Vilified after his arrest as "a poisonous weed" for his friendship with foreigners, Han spent four years and seven months in prison. He was denied artist's materials and beaten whenever guards spied him "sketching" with chopsticks on the only canvas at hand, his prison trousers. Finally, in 1972, he was released, and in a startling turnabout has since become China's foremost contemporary artist—popular enough there to draw crowds wherever he goes, and now the first to be honored with a one-man show outside his homeland.
Among Han's most famous paintings in China, ironically, is a portrait of the Shih Tzu who befriended him when he was attacked. It is one of the 300 watercolors that, after a glittering premiere at Manhattan's World Trade Center late last month, will tour 21 U.S. cities from Boston to Lexington, Ky. The show's impresarios are Charles Abrams, a New York-based China trade expert (FORTUNE calls him "the P.T. Barnum of China trade") and Han's distributors in Peking. They are asking $5,000 apiece for the major paintings. The Chinese government controls the profits, though Han should join the handful of his countrymen making more than $520 a year who will have to pay China's new personal income tax. "Art," he affirms dutifully, "belongs to the people."
But Han's lifelike paintings, done with a deft, quick hand and often whimsically titled, are refreshingly free of cant. His politics are of the heart. Zua Ha, 26, his ex-actress bride of 10 months, explains: "His animals are lovable, and that's why they attract such crowds." Han met her when she was forced to attend a public criticism session during his imprisonment. She managed to get close enough to him to whisper a few words of encouragement. They have been steady companions since his release. "The flower of my art is rooted in Chinese soil," declares Han, "but it is nurtured by rain, sunshine and dew from other countries." A teacher showed him Picasso and Matisse, and they influenced his work.
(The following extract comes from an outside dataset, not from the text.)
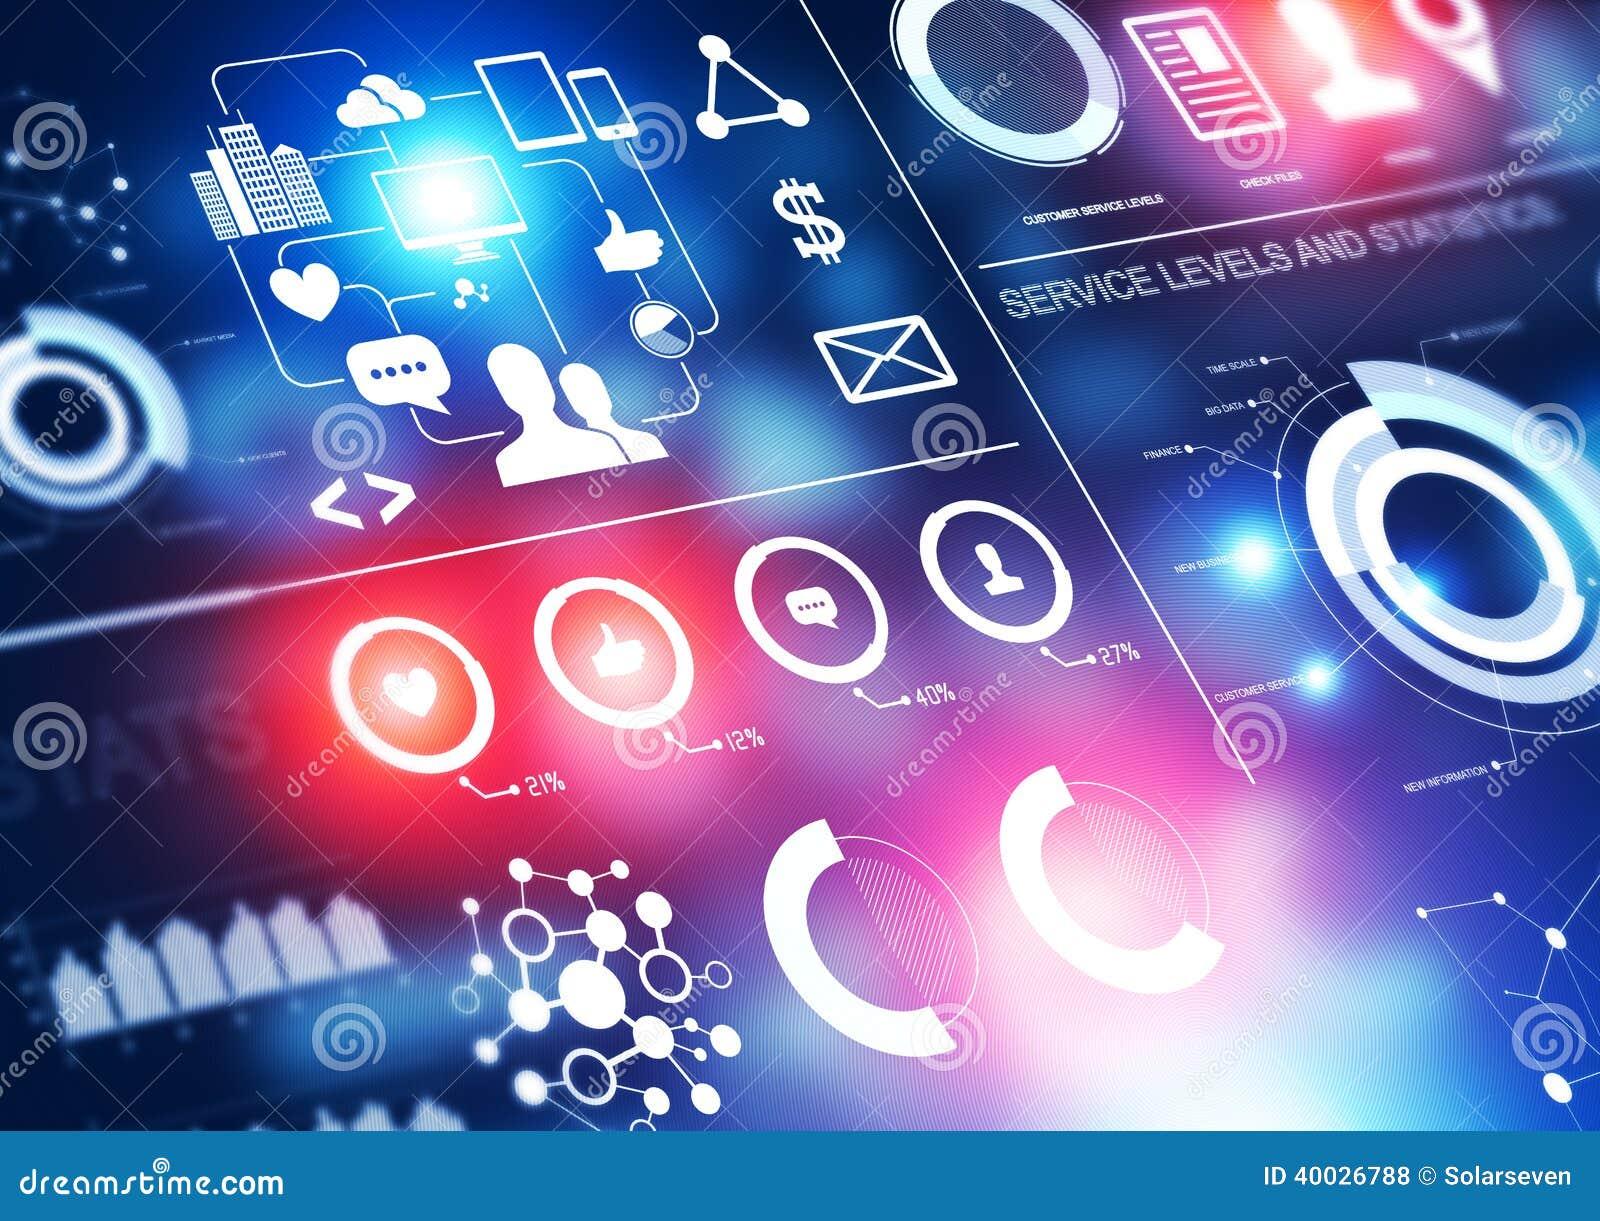 Statistics Business Background

He likes to paint while listening to Beethoven, Verdi, Tchaikovsky and Debussy.
A favorite Chinese proverb of Han's goes: "Sometimes bad turns into good and good into bad." Grandson of a folk artist and son of a pharmacist's assistant who died when he was 2, Han was born in the city of Jinan and raised in poverty. As a child he found bits of chalk and started sketching. By 17 he had joined the army, taught painting in an elementary school and published two art textbooks. A student and later a teacher at Peking's Central Academy of Fine Arts, he moved to Anhui province and, until his arrest, worked in an arts and crafts studio.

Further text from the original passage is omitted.